Gram-Schmidt and numerical orthogonalization

QR is also the algorithm behind Gram-Schmidt orthogonalization, used whenever you need an orthogonal basis:

def gram_schmidt_qr(A: np.ndarray) -> tuple:
    """
    Classical Gram-Schmidt QR factorization.
    Note: scipy.linalg.qr uses Householder reflections - more stable.
    This is for illustration.
    """
    m, n = A.shape
    Q = np.zeros((m, n))
    R = np.zeros((n, n))

    for j in range(n):
        v = A[:, j].copy()
        for i in range(j):
            R[i, j] = Q[:, i] @ A[:, j]
            v -= R[i, j] * Q[:, i]
        R[j, j] = np.linalg.norm(v)
        if R[j, j] > 1e-10:
            Q[:, j] = v / R[j, j]

    return Q, R

Part 4 - Cholesky Factorization: For Positive Definite Matrices

When it applies

A matrix $A$ is symmetric positive definite (SPD) if:

$A = A^T$ (symmetric)
$x^T A x > 0$ for all non-zero $x$ (positive definite)

Common SPD matrices in ML:

Covariance matrices: $\Sigma = \frac{1}{n} X^T X$ (after centering)
Gram matrices with regularization: $X^T X + \lambda I$
Fisher information matrix
Hessian at a local minimum

For SPD matrices, Cholesky factorization gives $A = LL^T$ where $L$ is lower triangular with positive diagonal entries. This is twice as fast as LU and guaranteed stable for SPD matrices.

import numpy as np
from scipy.linalg import cholesky, cho_factor, cho_solve

# Generate a symmetric positive definite matrix
n = 50
A_raw = np.random.randn(n, n)
A = A_raw.T @ A_raw + n * np.eye(n)   # Guaranteed SPD: X^T X + nI

# Cholesky factorization
L = cholesky(A, lower=True)           # A = L @ L.T
print(f"Is lower triangular: {np.allclose(L, np.tril(L))}")  # True

# Efficient solve using Cholesky
cho_fac = cho_factor(A, lower=True)   # Pre-factorize
b = np.random.randn(n)
x = cho_solve(cho_fac, b)

# Verify: Ax = b
print(f"Residual: {np.linalg.norm(A @ x - b):.2e}")  # ~machine precision

# Use case: Gaussian process covariance
def gp_log_likelihood(K: np.ndarray, y: np.ndarray) -> float:
    """
    Compute log marginal likelihood for a Gaussian process.
    Uses Cholesky for numerical stability and efficiency.

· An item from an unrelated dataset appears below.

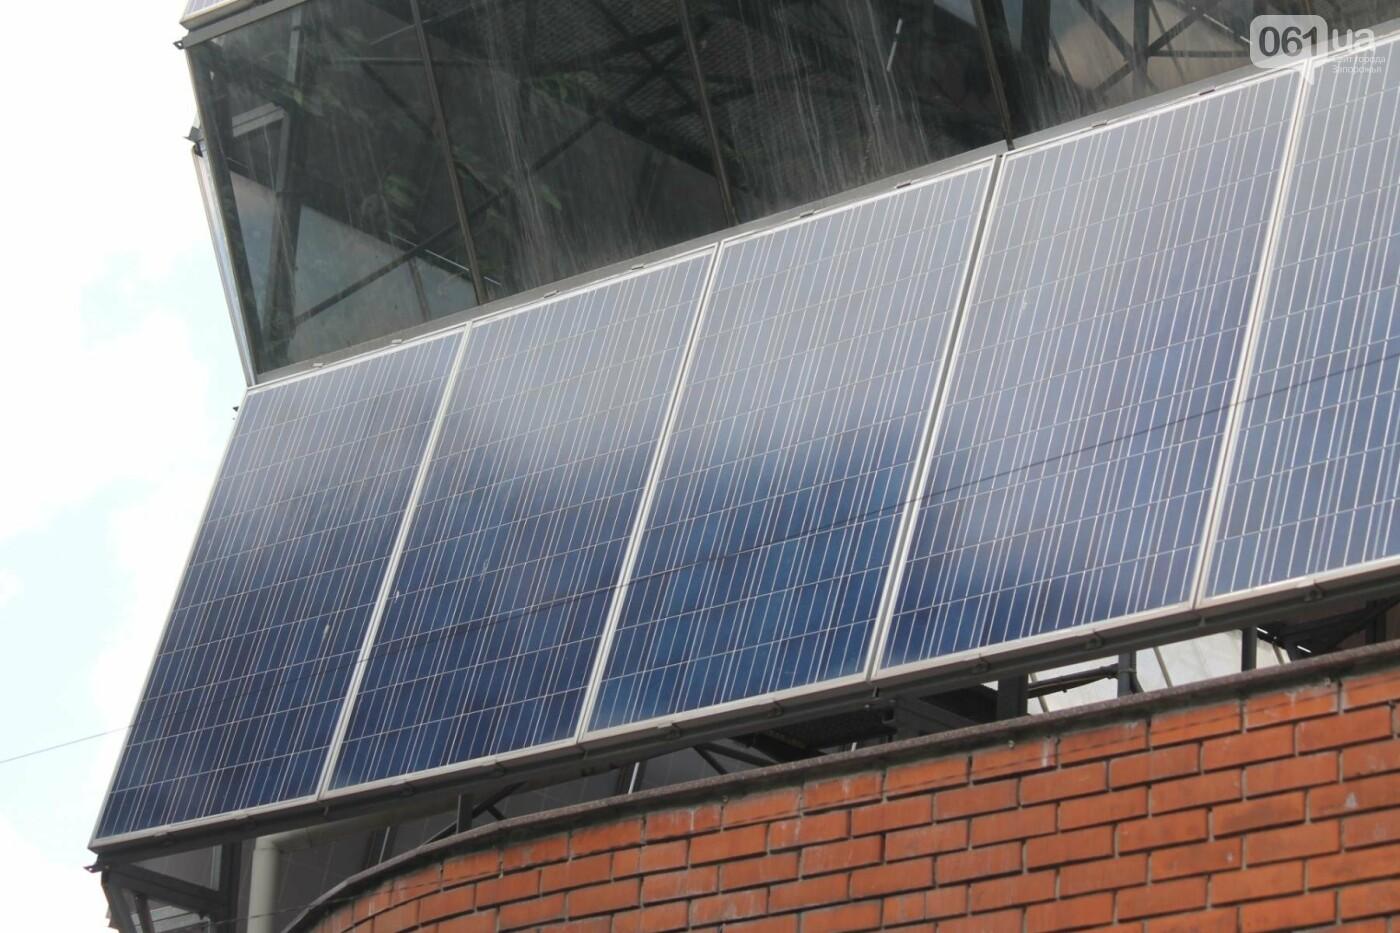 «Мы реализуем проекты, которые другим кажутся невыполнимыми»: как запорожская компания строит уникальные солнечные станции, фото-14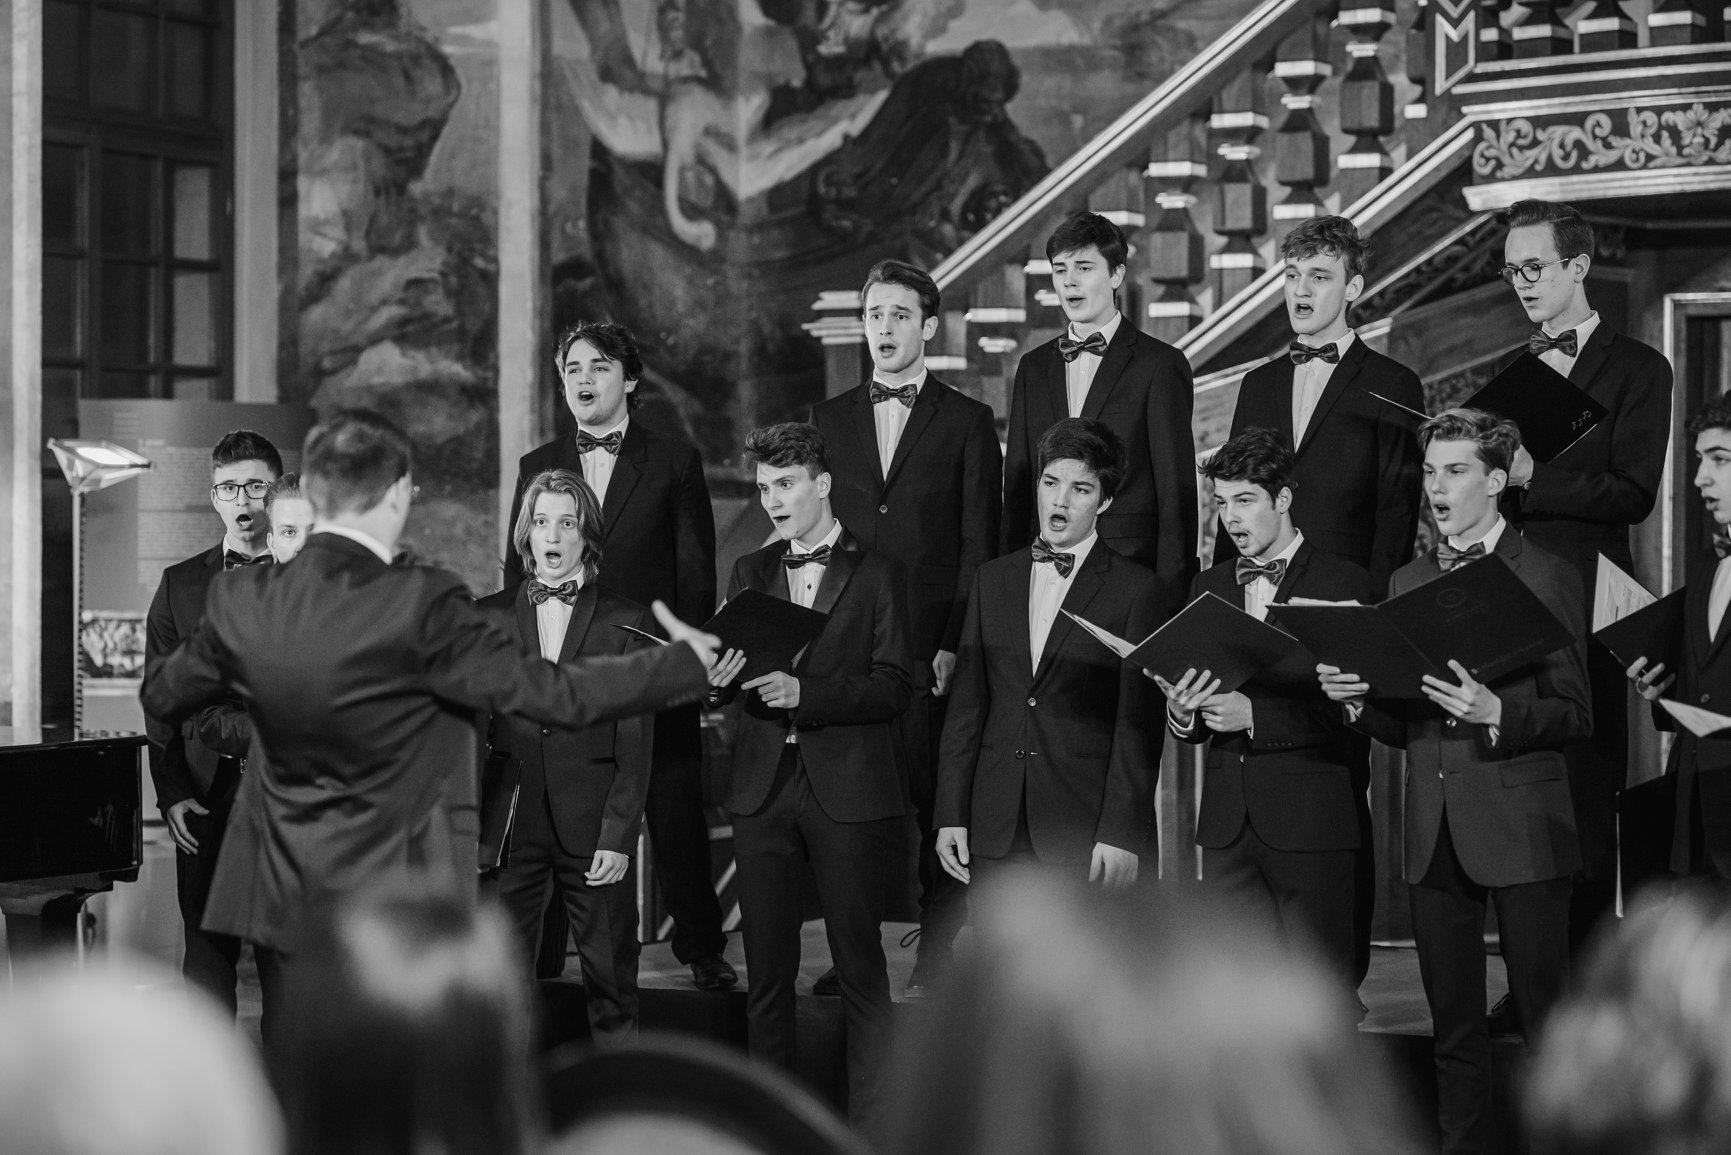 Nika Kink, Slovenija/Slovenia: Objemi to, kar ljubiš zdaj, 2020, Vokalna skupina Ivana Cankarja, Slovenija / Embrace what you now love, 2020, Vocal group Ivan Cankar, Slovenia

    log p(y | K) = -1/2 y^T K^{-1} y - 1/2 log|K| - n/2 log(2π)
    """
    n = len(y)
    eps = 1e-6  # Jitter for numerical stability
    K_stable = K + eps * np.eye(n)

    # Cholesky: K = L L^T
    L = cholesky(K_stable, lower=True)

    # Solve K^{-1} y = (L L^T)^{-1} y = L^{-T} (L^{-1} y)
    alpha = np.linalg.solve(L.T, np.linalg.solve(L, y))

    # log|K| = 2 * sum(log(diag(L))) - from det of triangular matrix
    log_det_K = 2.0 * np.sum(np.log(np.diag(L)))

    return -0.5 * (y @ alpha + log_det_K + n * np.log(2 * np.pi))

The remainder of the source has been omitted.